• _EXERCISE INSTRUCTIONS_
The response should consist of the data below, copied exactly, with no pictures in it.

• _INFORMATION PROVIDED_
###
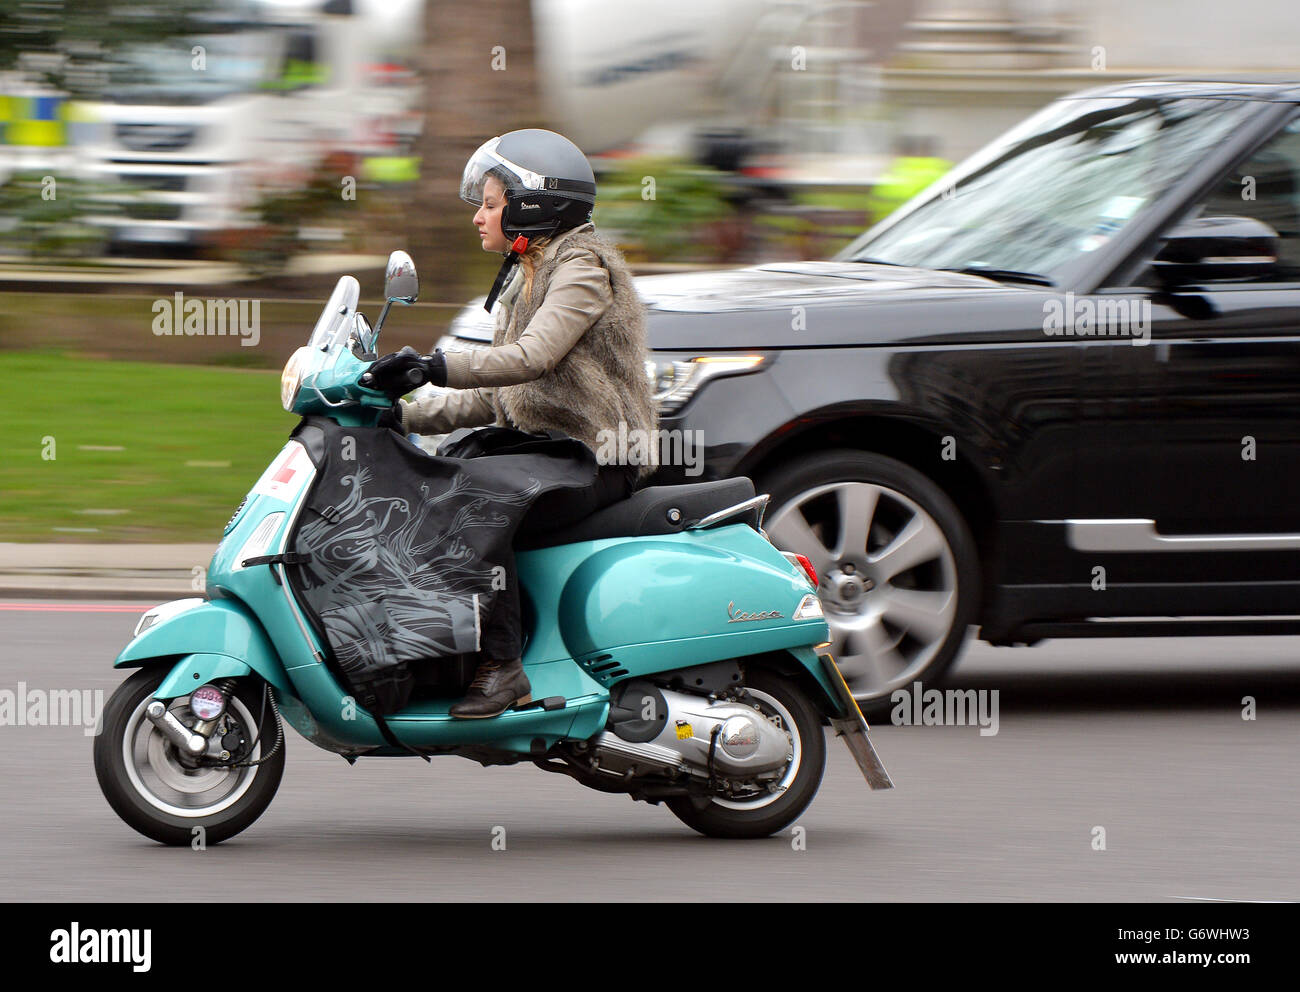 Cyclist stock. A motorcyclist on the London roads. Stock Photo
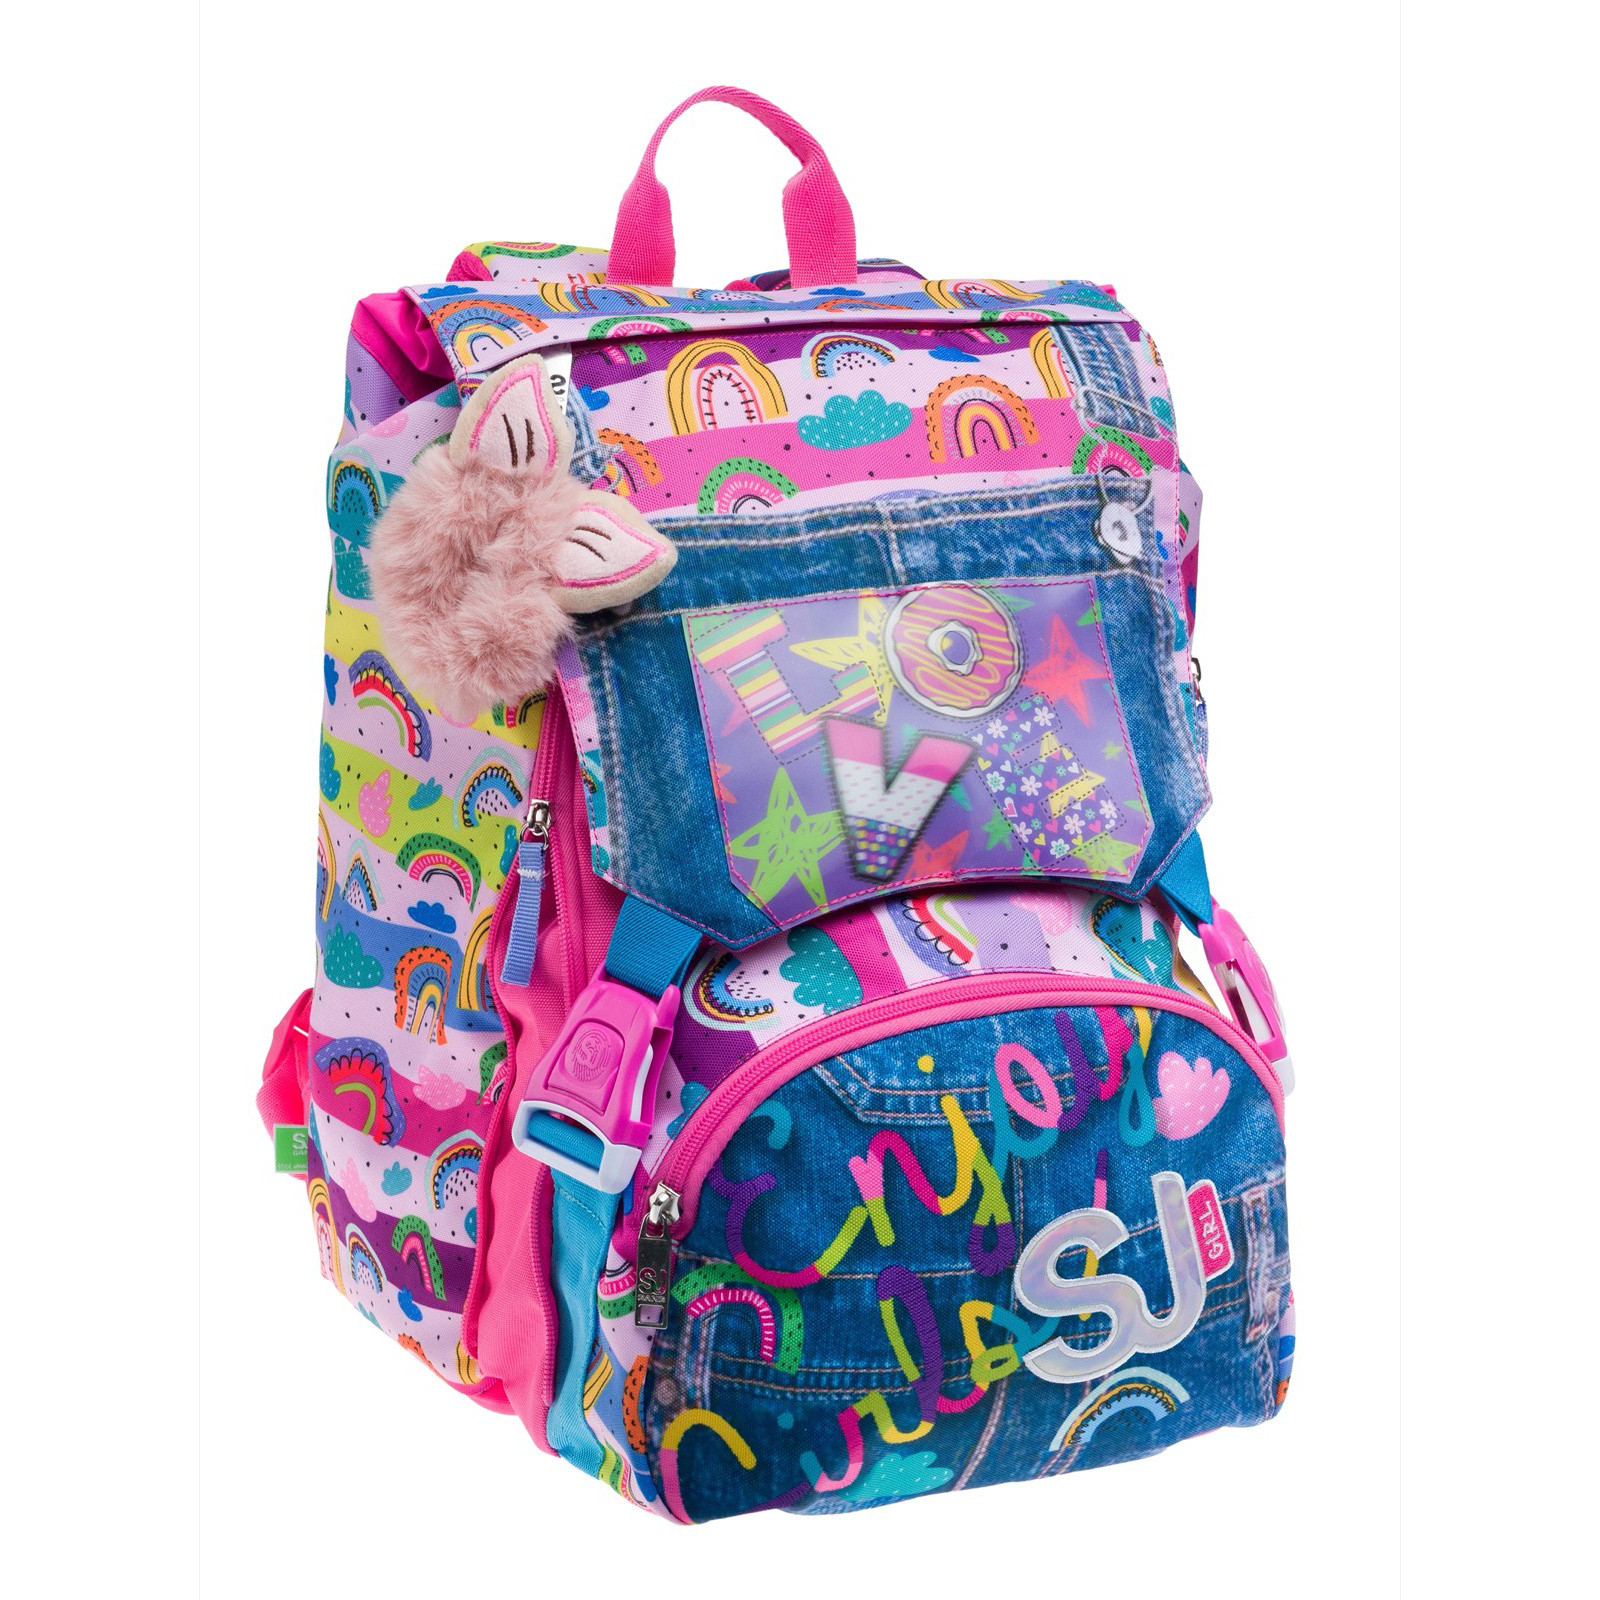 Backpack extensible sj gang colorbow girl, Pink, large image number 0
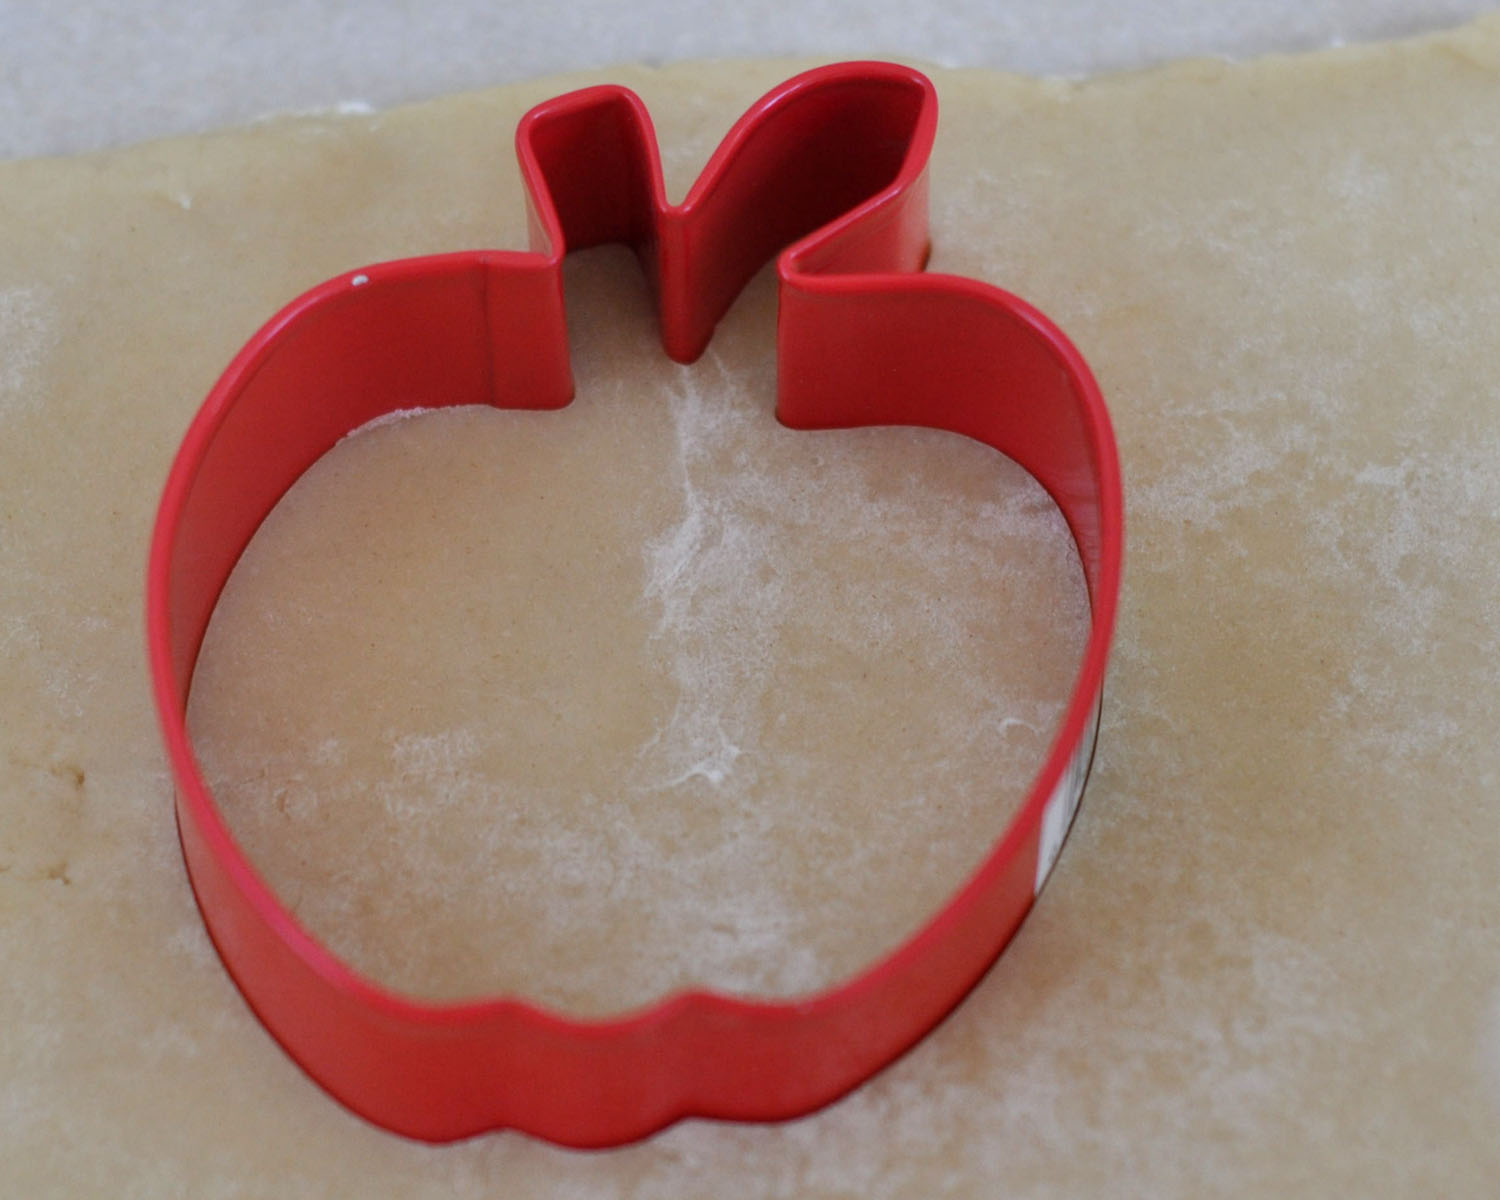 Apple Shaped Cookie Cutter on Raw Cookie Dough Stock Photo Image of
###
• _EXERCISE SOLUTION_
 Cyclist stock. A motorcyclist on the London roads. Stock Photo
 Backpack extensible sj gang colorbow girl, Pink, large image number 0
 Apple Shaped Cookie Cutter on Raw Cookie Dough Stock Photo Image of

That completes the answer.